The Girl with Seven Names: A North Korean Defector’s Story

“This is when I understood that we can do without almost anything – our home, even our country. But we will never do without other people, and we will never do without family.”

This book was a heartbreaking read, to be honest. No matter how much we follow global politics, the human aspect of it usually stays hidden. This memoir of Hyeonseo Lee, a North-Korean defector, is one such book that will startle you despite the obvious expectations from its content.

It is filled with both imaginable and unimaginable horrors and it reminded me more than once of George Orwell’s Nineteen Eighty-Four. It is chiefly divided into three parts: “The Greatest Nation on Earth” describes her childhood in North Korea, “To the Heart of the Dragon” is about her initial escape to China and defection to South Korea and finally “Journey into Darkness” is about her efforts to rescue her brother and mother.

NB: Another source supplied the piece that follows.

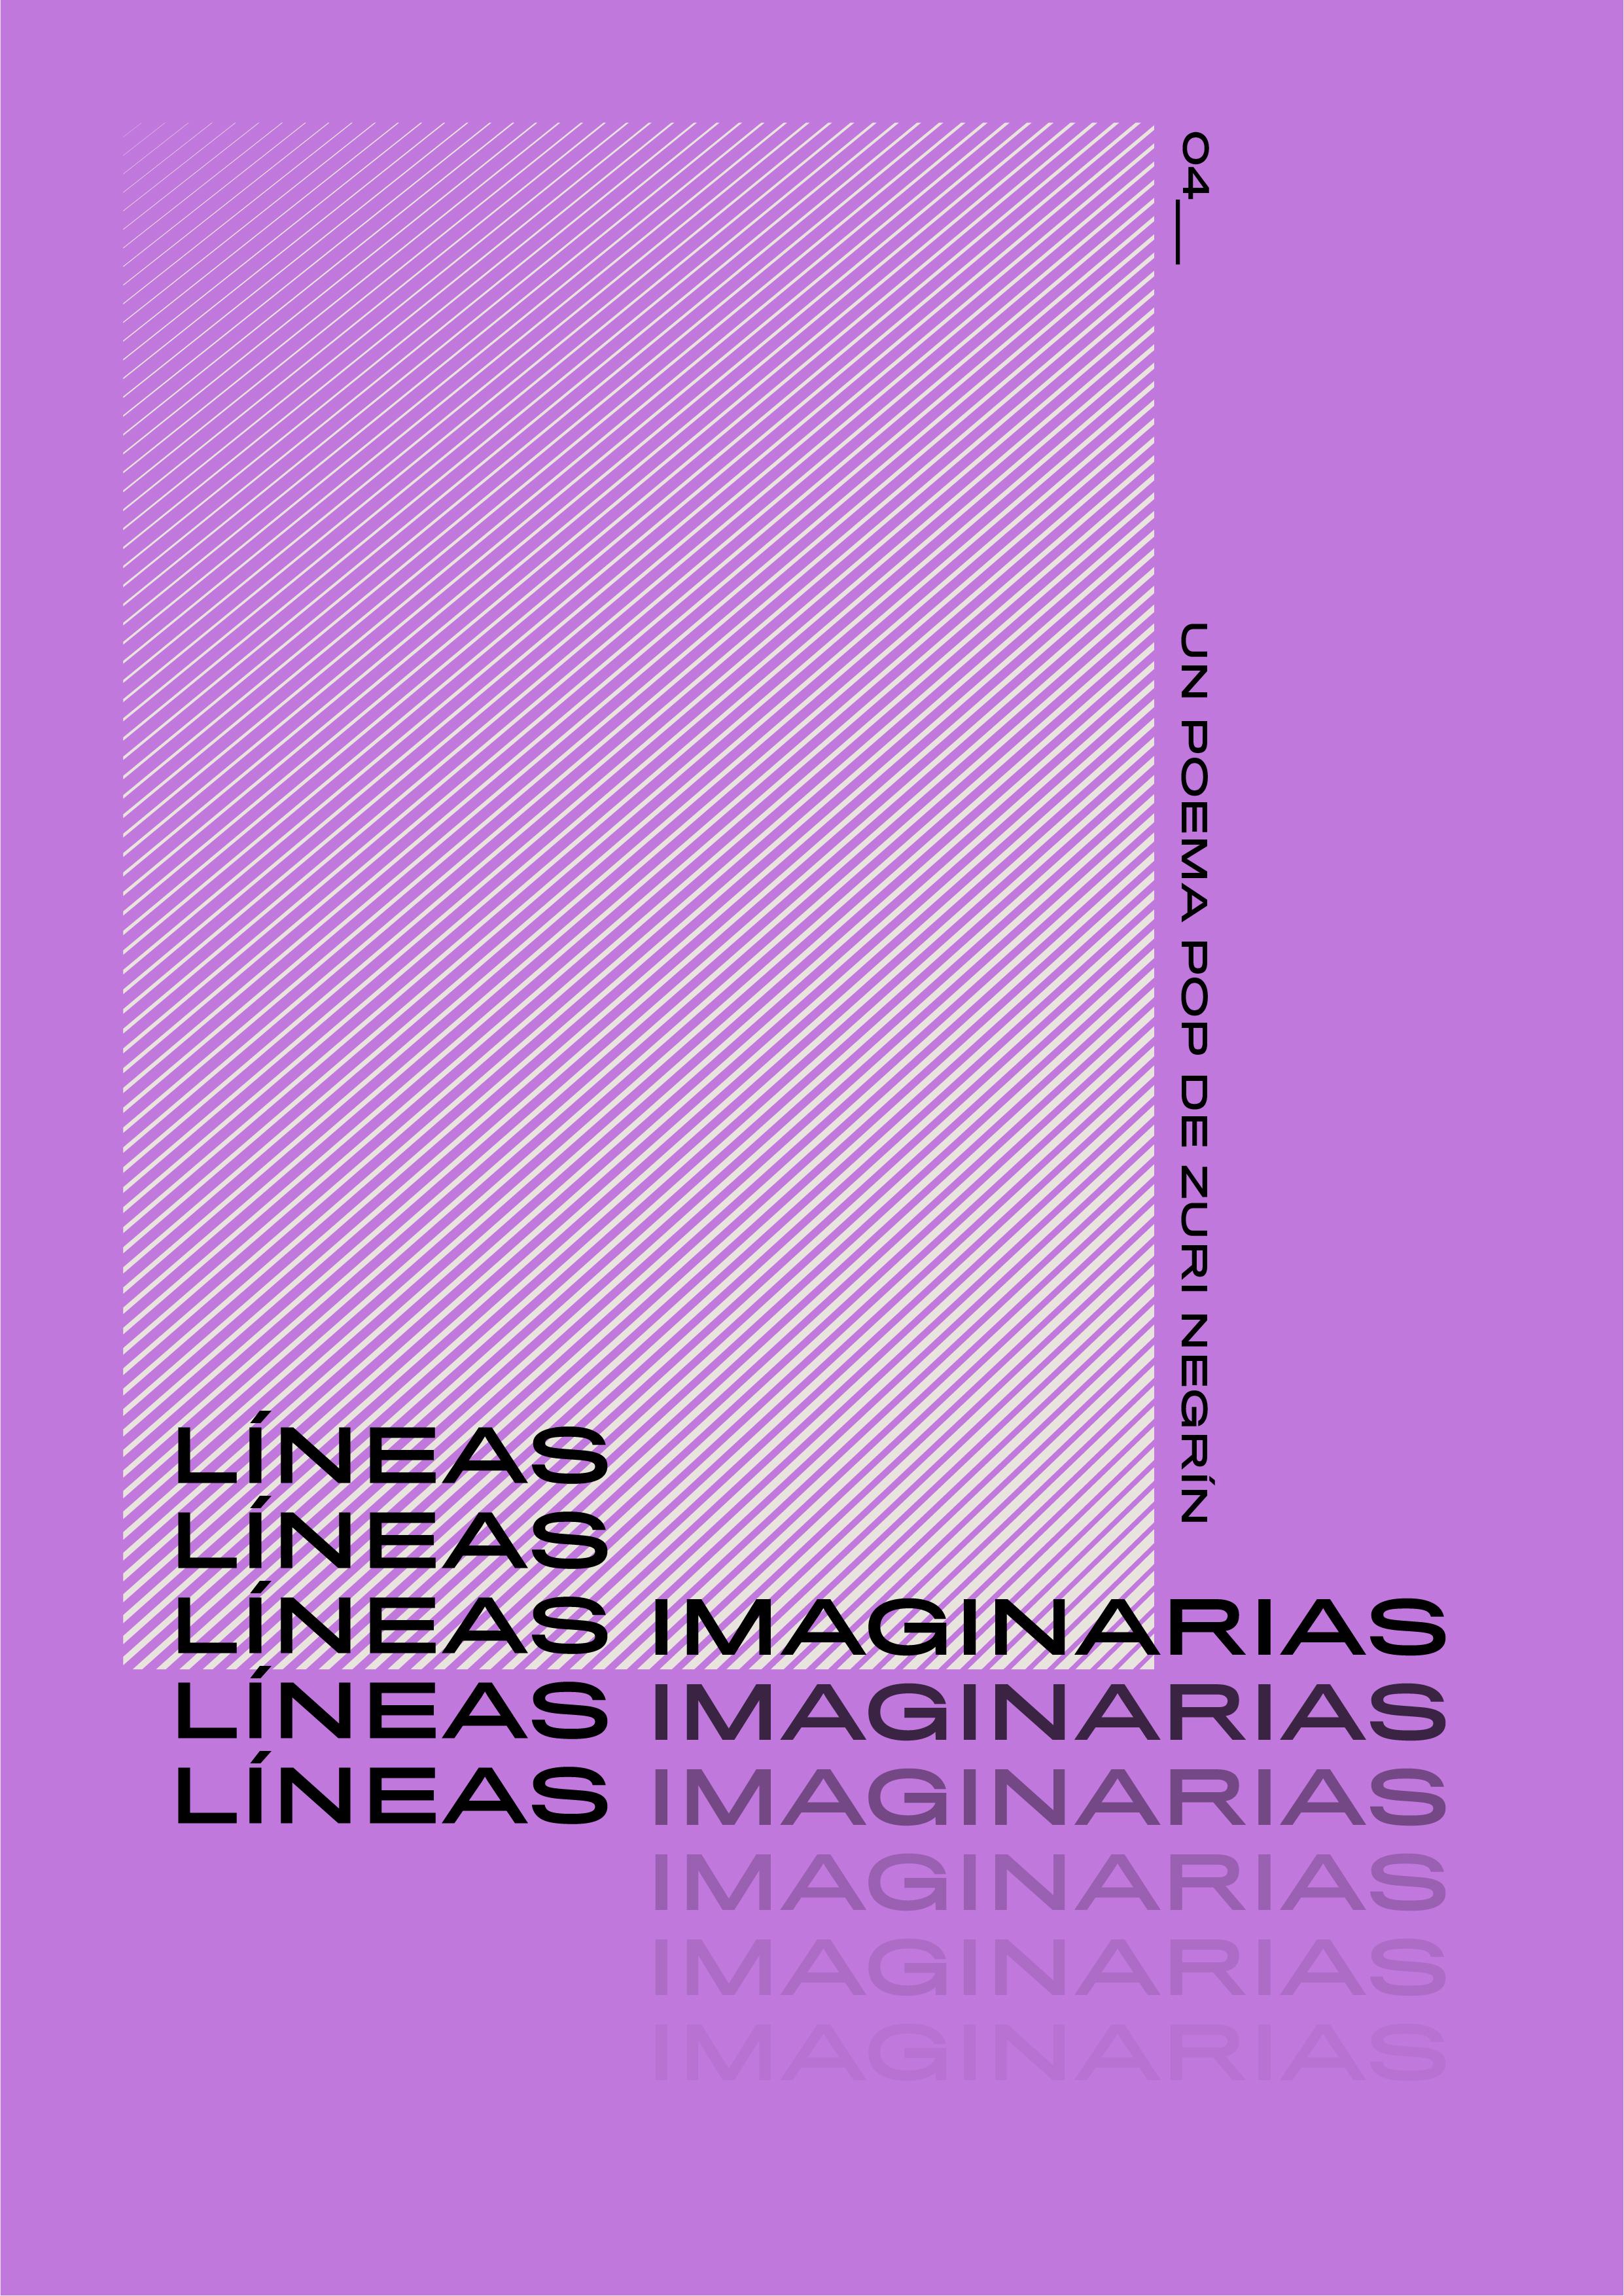 POP_04 Líneas imaginarias

Despite the obvious surety that she is safe now, I found myself gasping and worrying for her as this memoir almost paced like a modern thriller.

Another important point that this book touched was the life of defectors after they have defected. Having lived their entire lives till that point in North Korea, these people literally have no idea how the world works. In an interview of the author, she mentions how most North Koreans who defect do so in pursuit of money or food or living amenities, but never for freedom. Why? Because North Koreans are oblivious to the fact that there is some problem in their country in the first place. For them, they are the citizens of the ‘greatest country in the world’ ruled by the ‘Great Leaders’ who can actually ‘hear their thoughts’. Freedom is introduced to them once they are out, as an after-effect. In words of Hyeonseo Lee:

“Leaving North Korea is not like leaving any other country. It is more like leaving another universe.”

The book is a must-read for everyone because we, as a society, need to both understand our positions of privilege as free citizens of a democracy as well as the distress of those who are suffering for no other reason than just being born in the wrong country.